What the task asks: Among the entries below, which lines run from the line with "Heroin poppy photography and images - Alamy" through the line with "Women's Wide-Leg Denim"? Retype those, both ends included, exactly and without pictures.

Data:
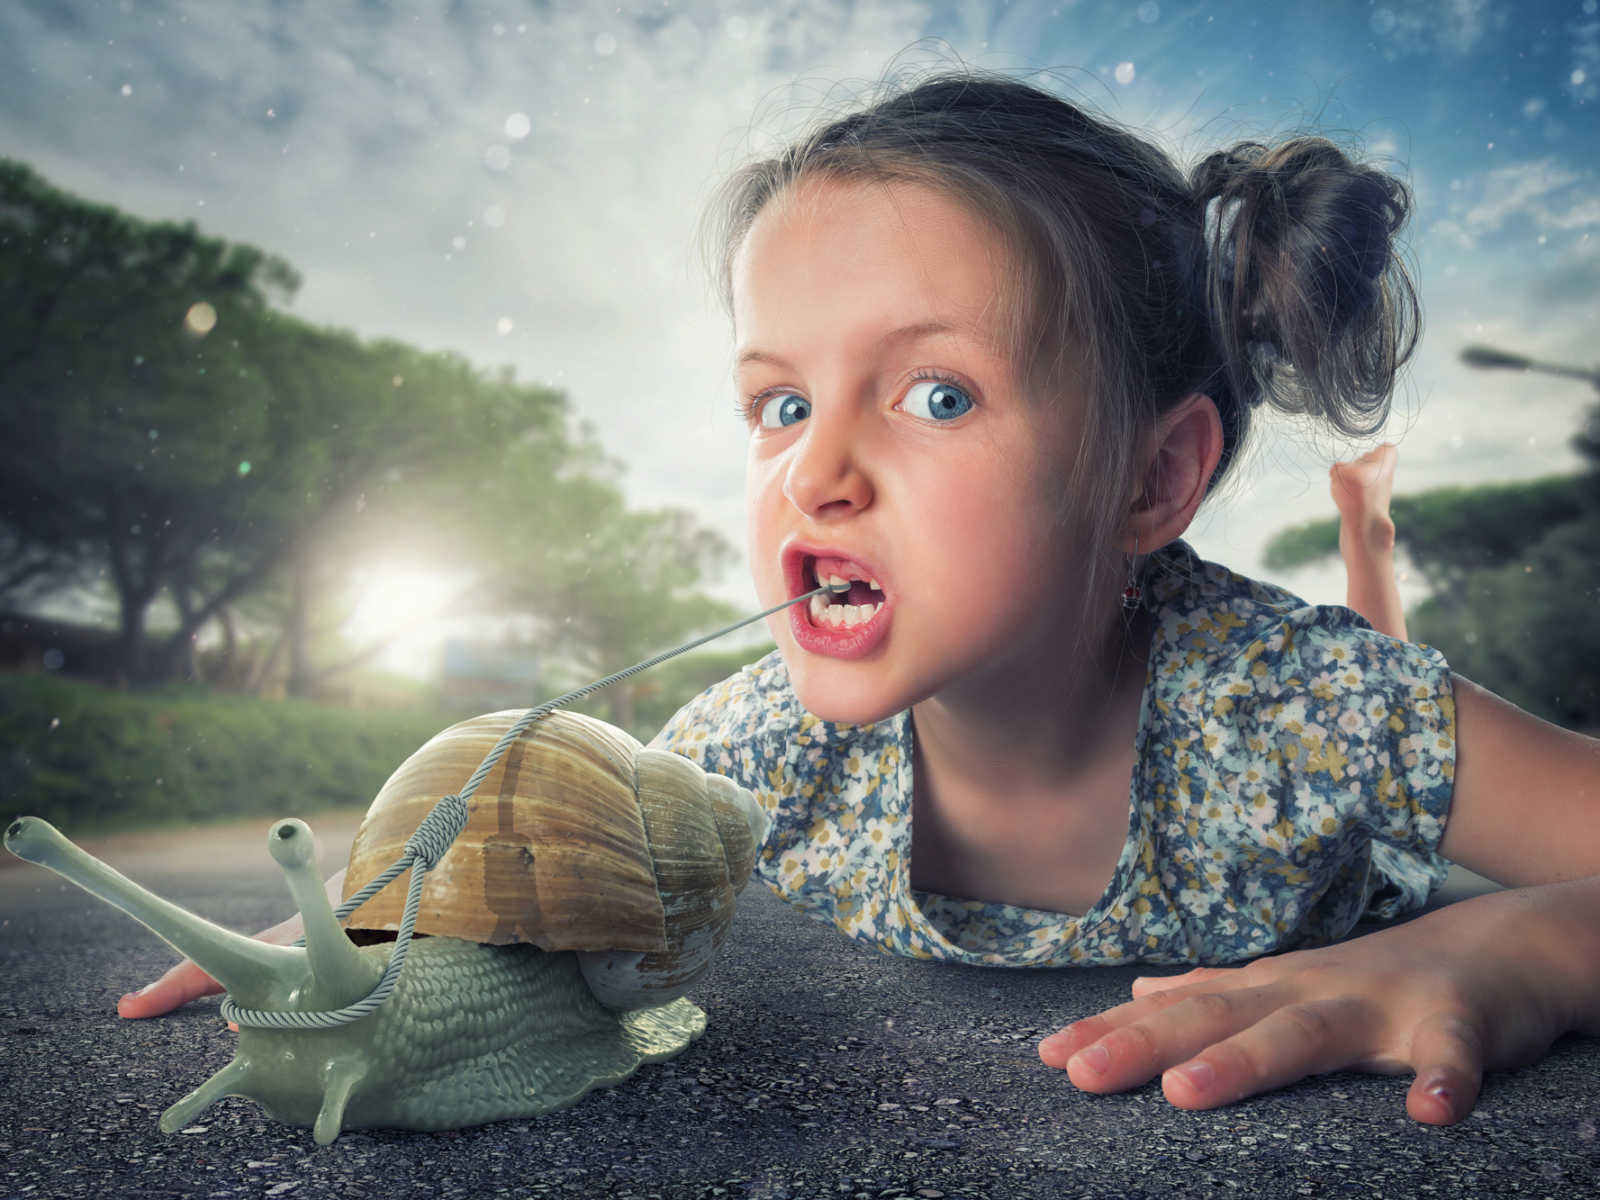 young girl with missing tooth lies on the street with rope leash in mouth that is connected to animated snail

...

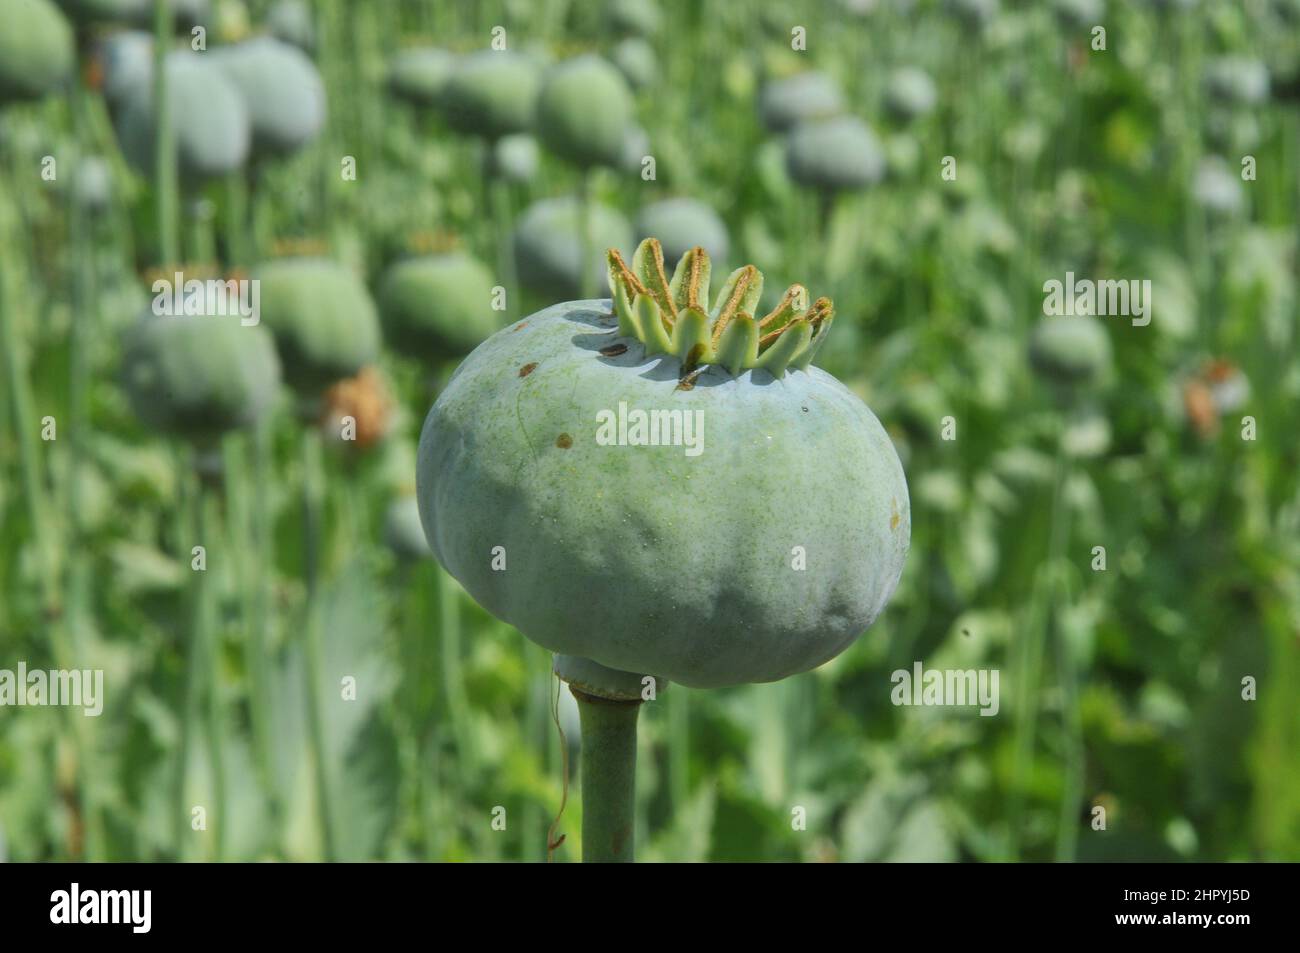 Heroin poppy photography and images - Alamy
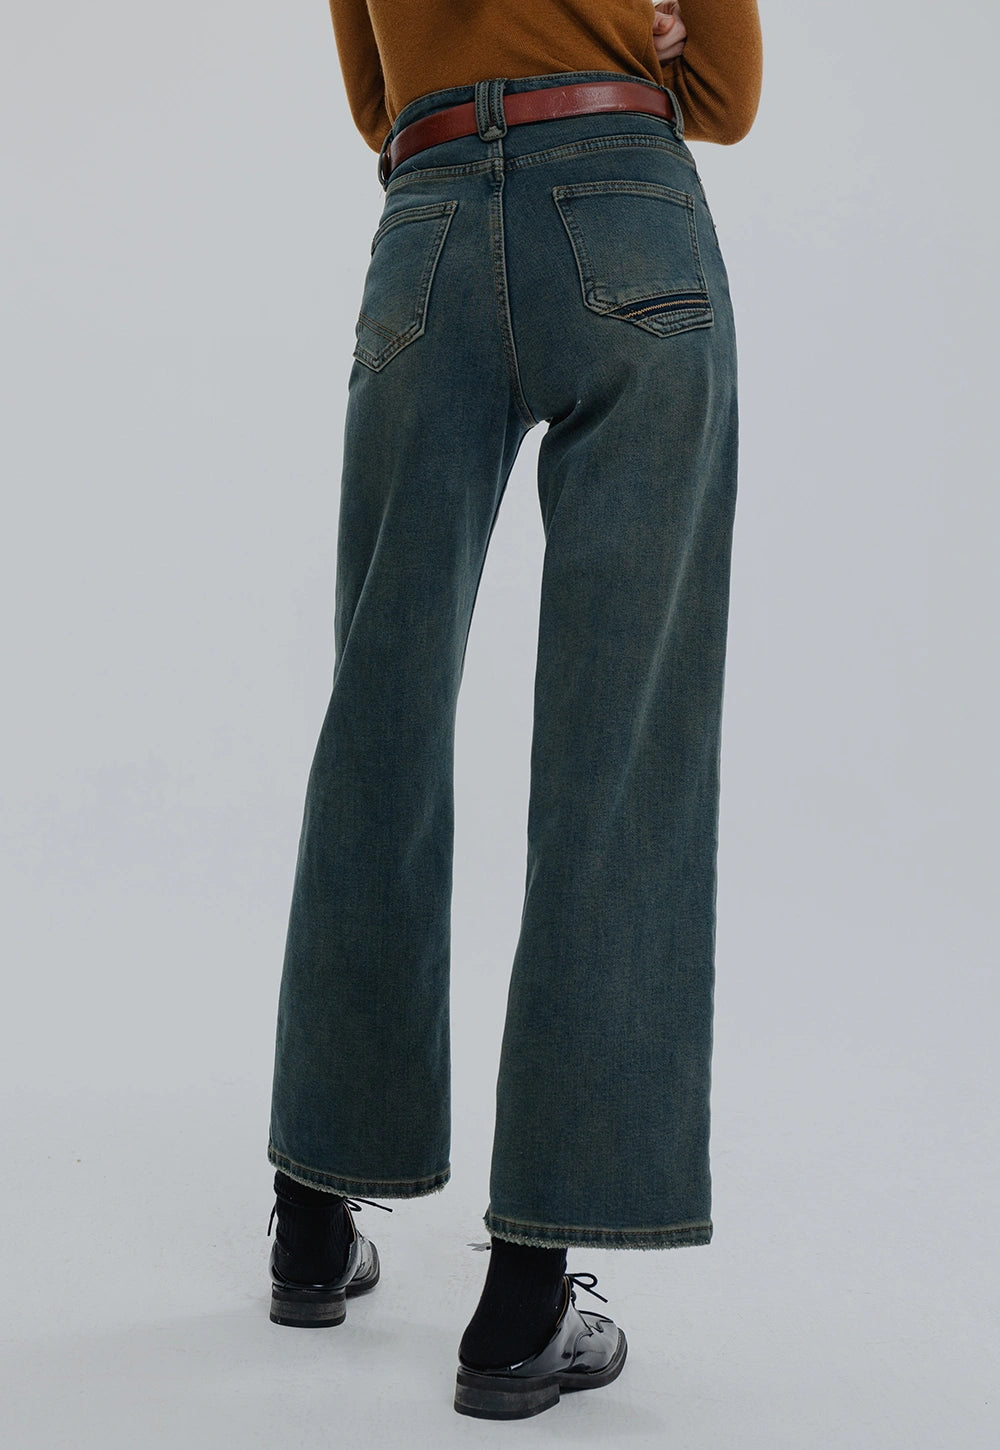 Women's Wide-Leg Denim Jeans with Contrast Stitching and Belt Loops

Written solution:
 Heroin poppy photography and images - Alamy
 Women's Wide-Leg Denim Jeans with Contrast Stitching and Belt Loops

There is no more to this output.